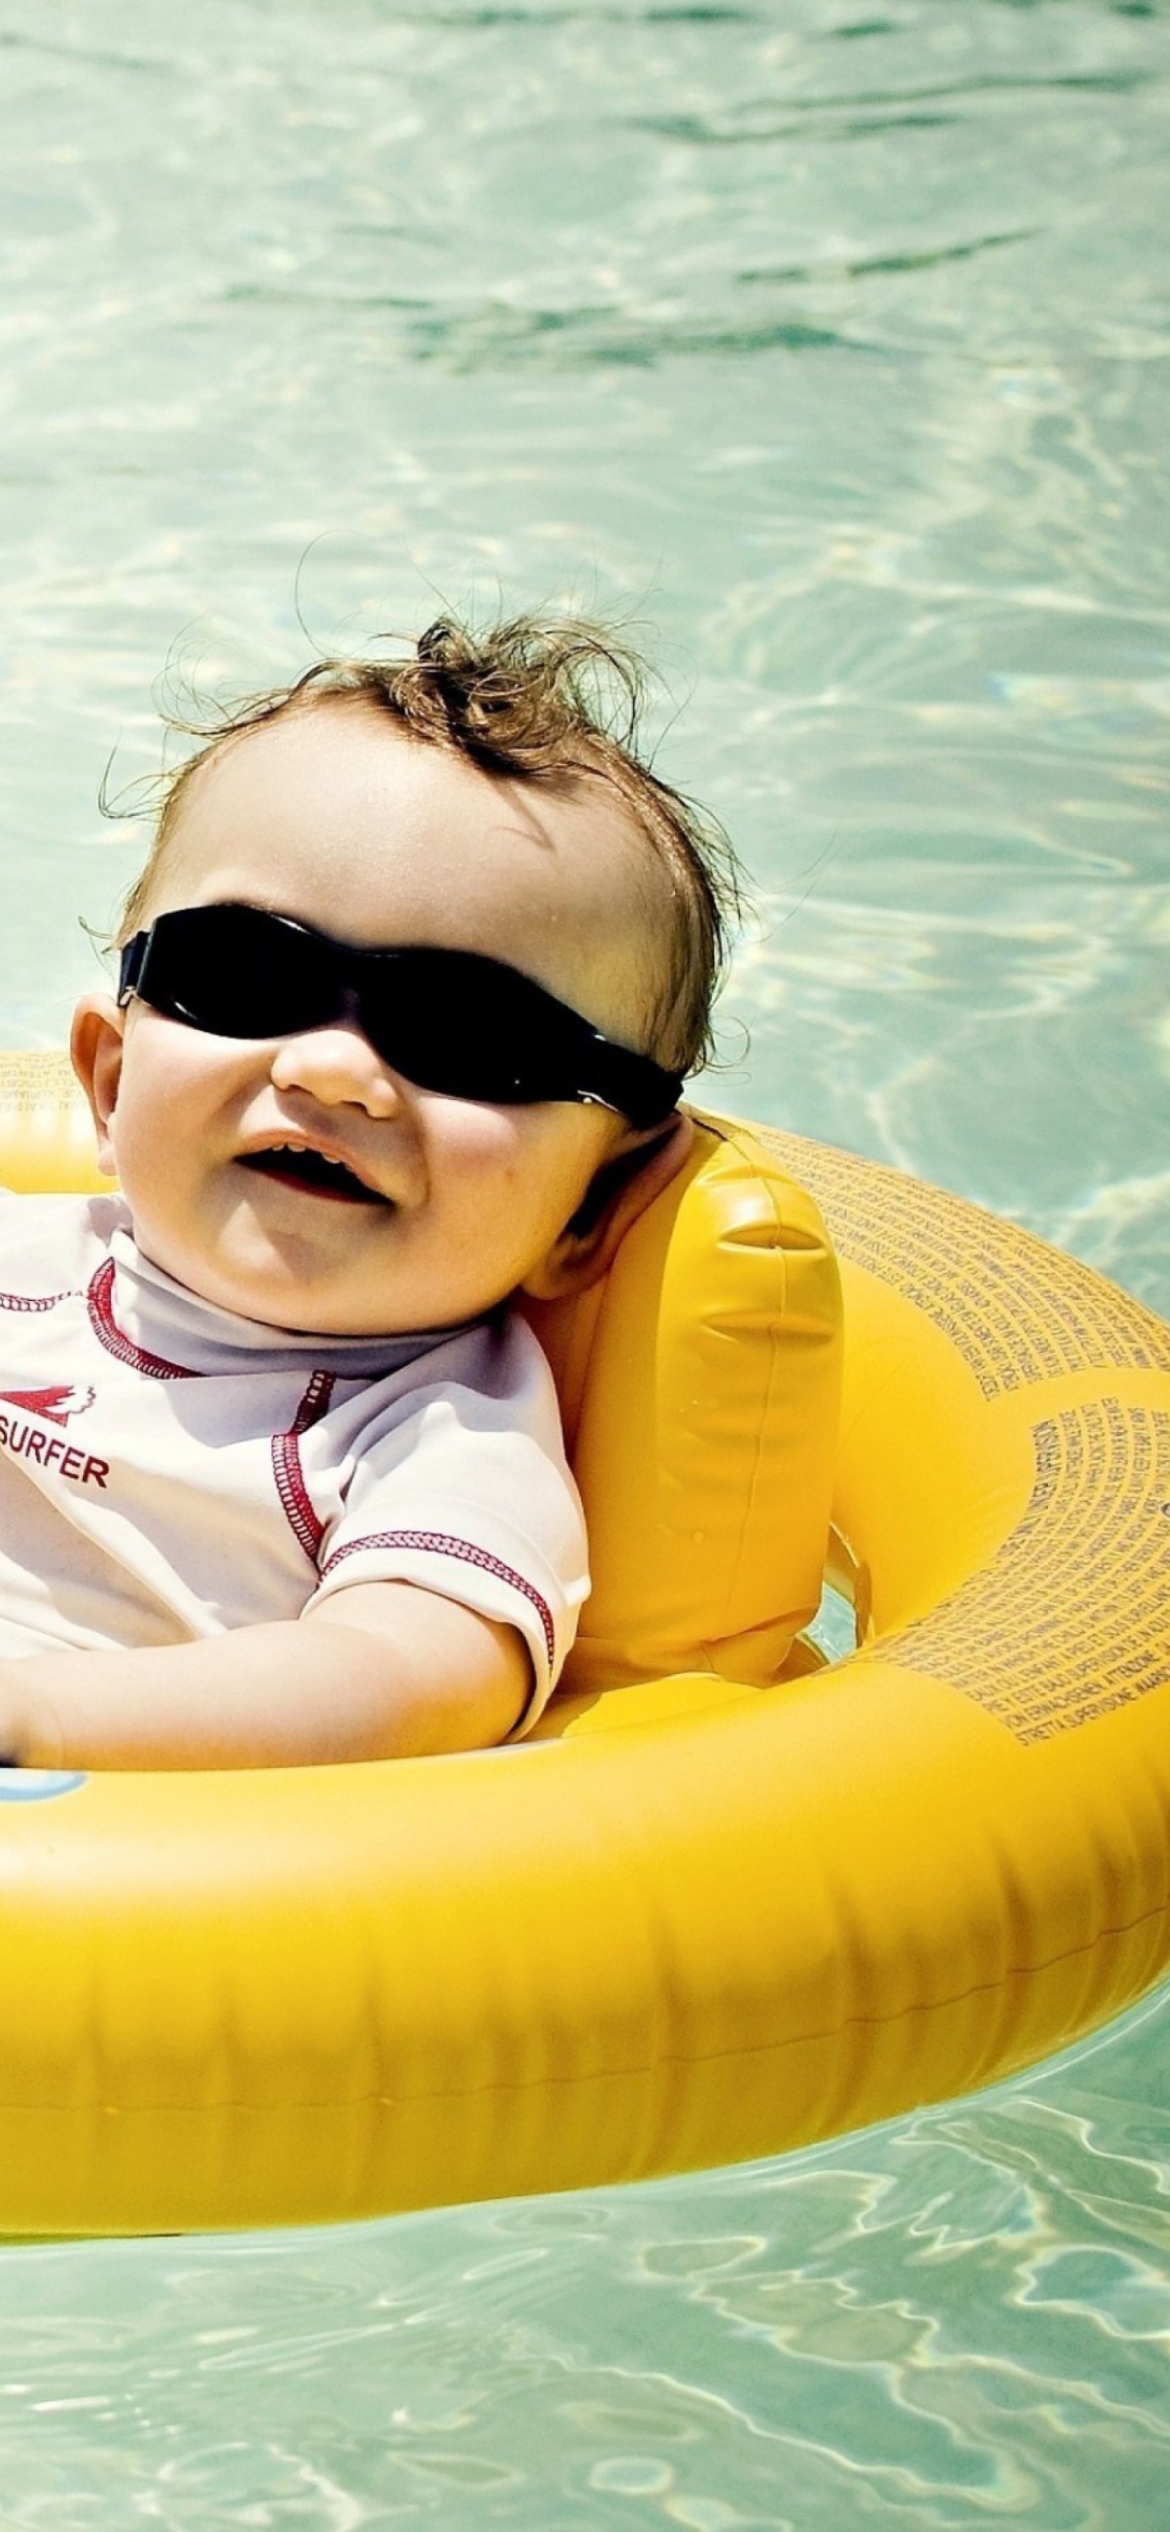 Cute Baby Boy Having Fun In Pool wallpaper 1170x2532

==

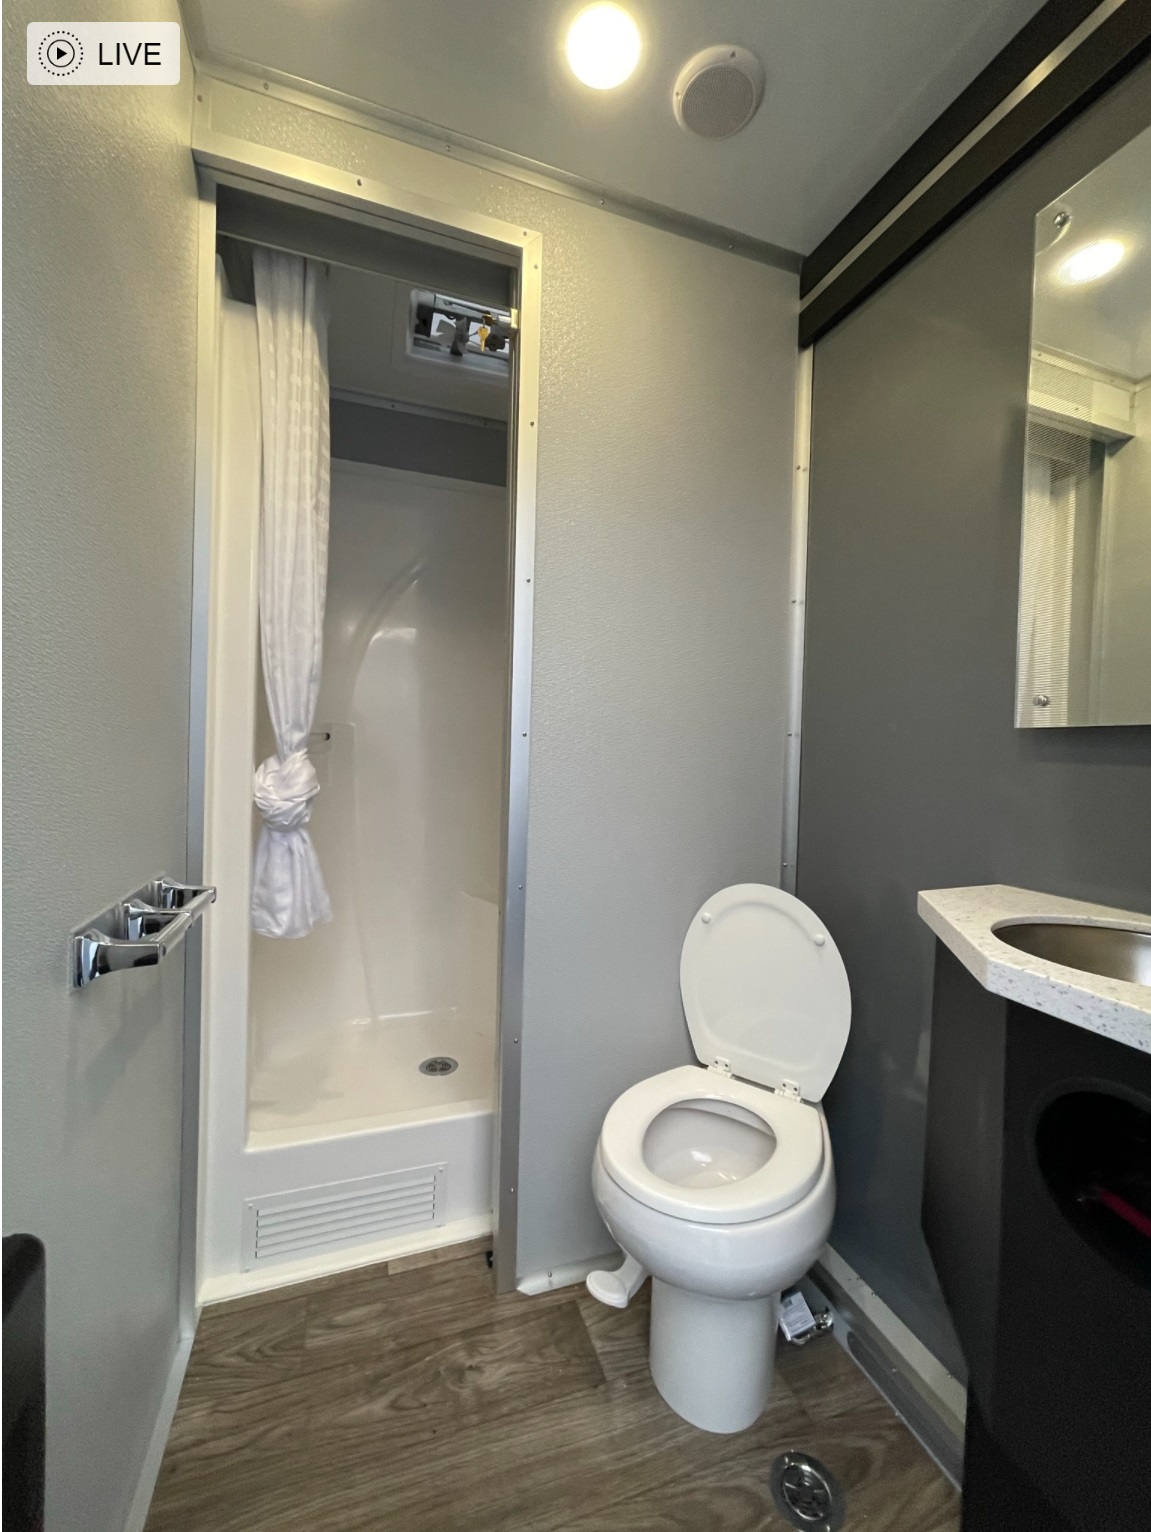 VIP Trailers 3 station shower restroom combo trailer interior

--

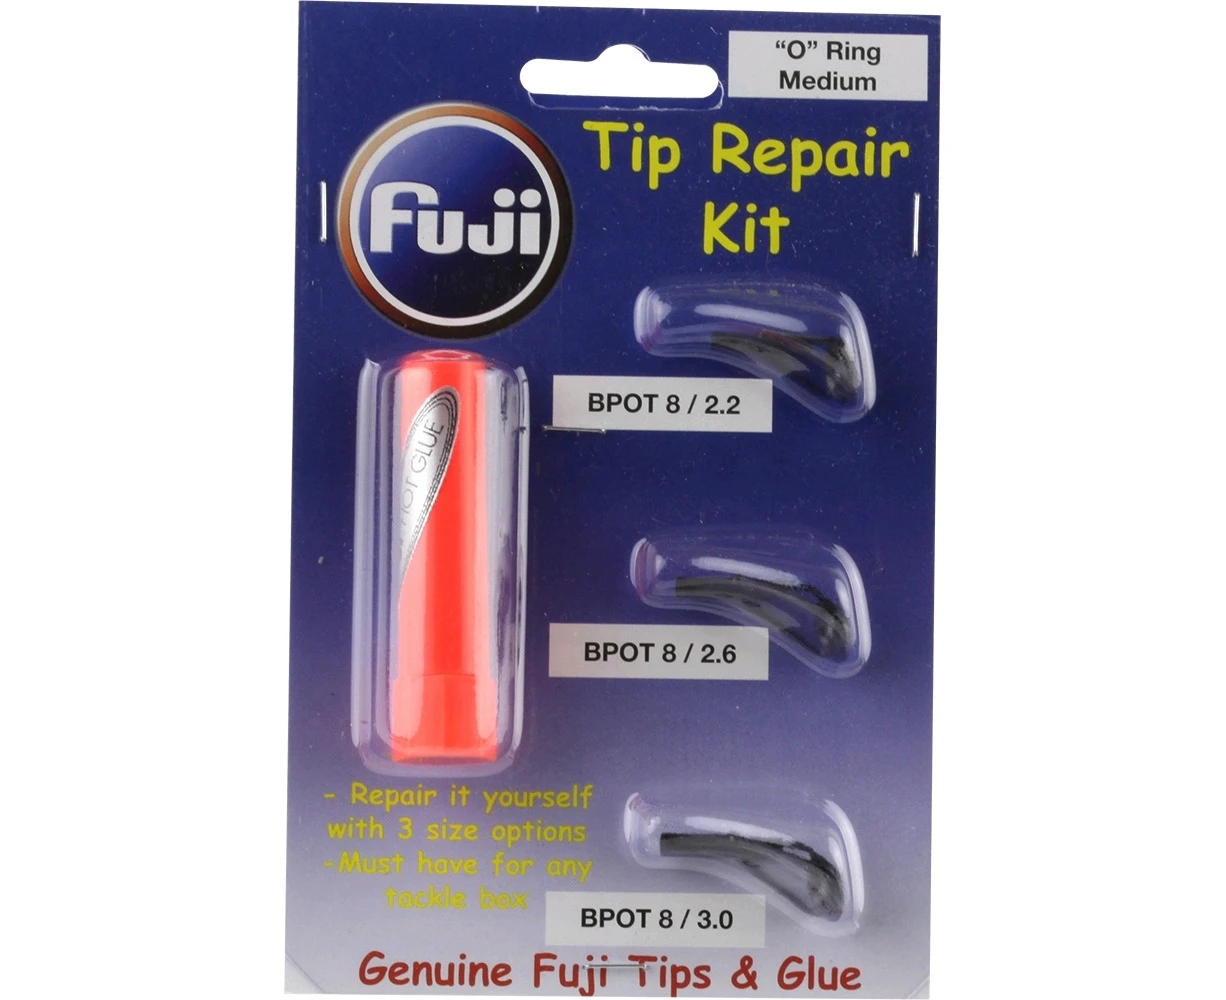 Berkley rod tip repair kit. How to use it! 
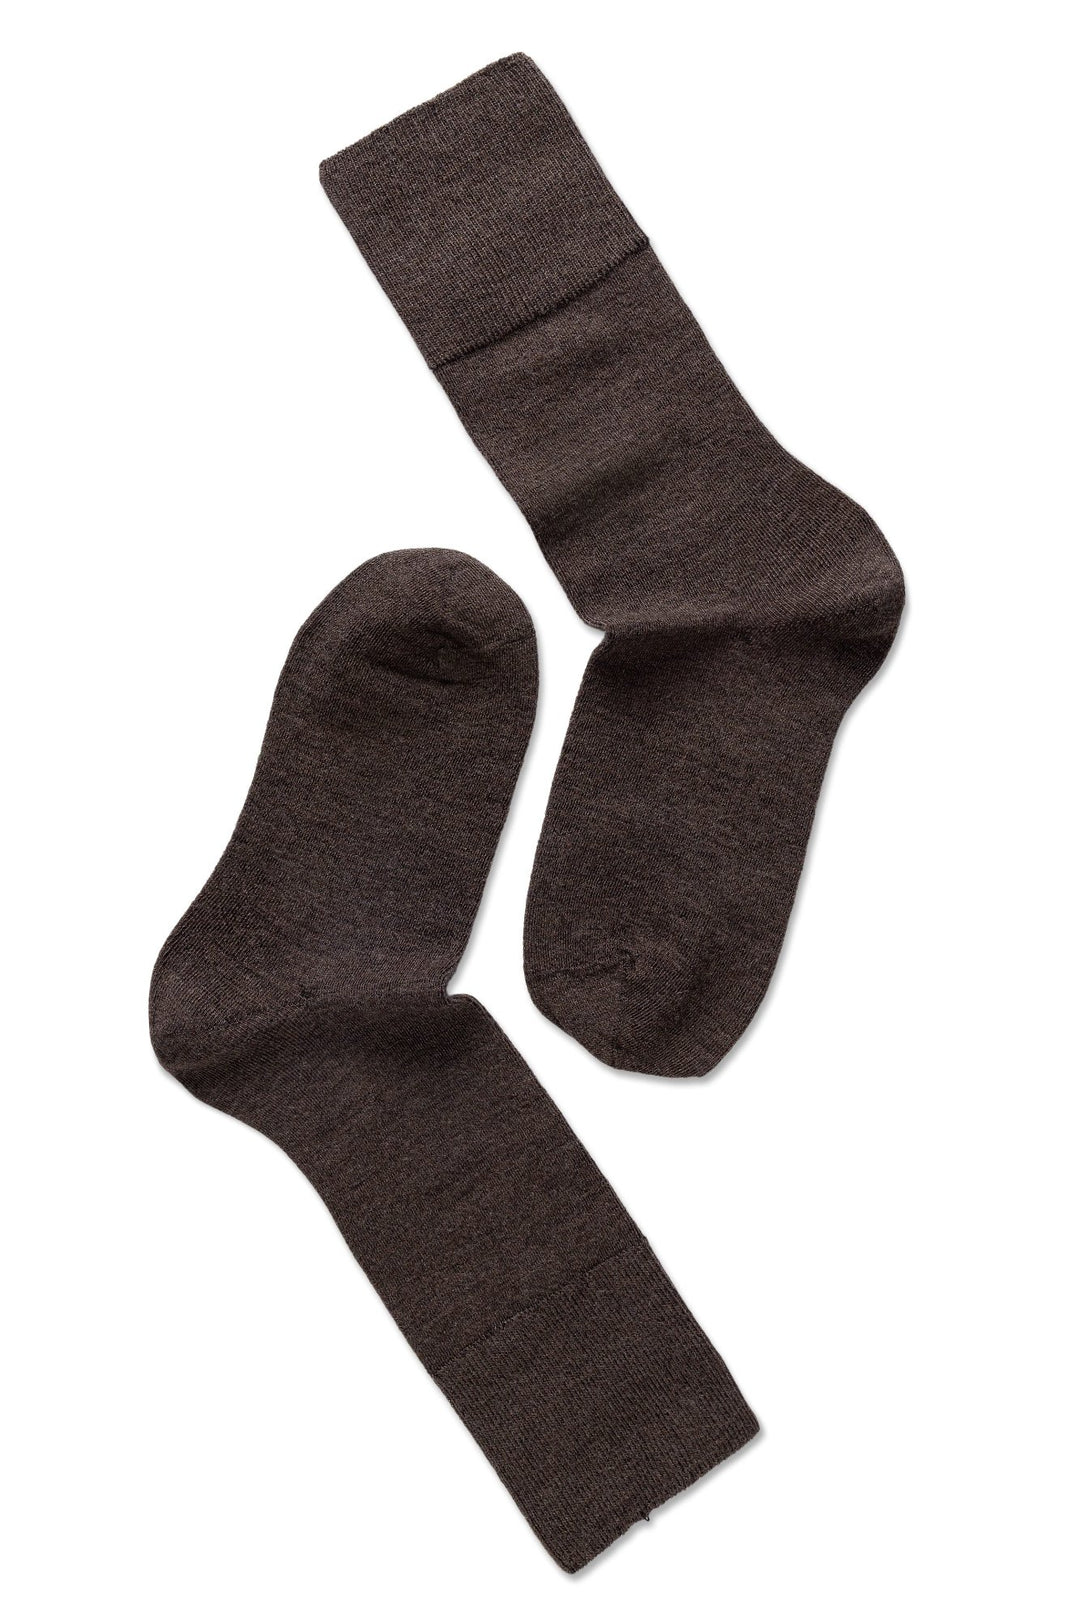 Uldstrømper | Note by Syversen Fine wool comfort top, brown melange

To do:
What are the lines above from the one with "Berkley rod tip repair kit. How to use it!" to the one with "Uldstrømper | Note", both included? Reproduce them exactly, without pictures.

Output below:
 Berkley rod tip repair kit. How to use it! 
 Uldstrømper | Note by Syversen Fine wool comfort top, brown melange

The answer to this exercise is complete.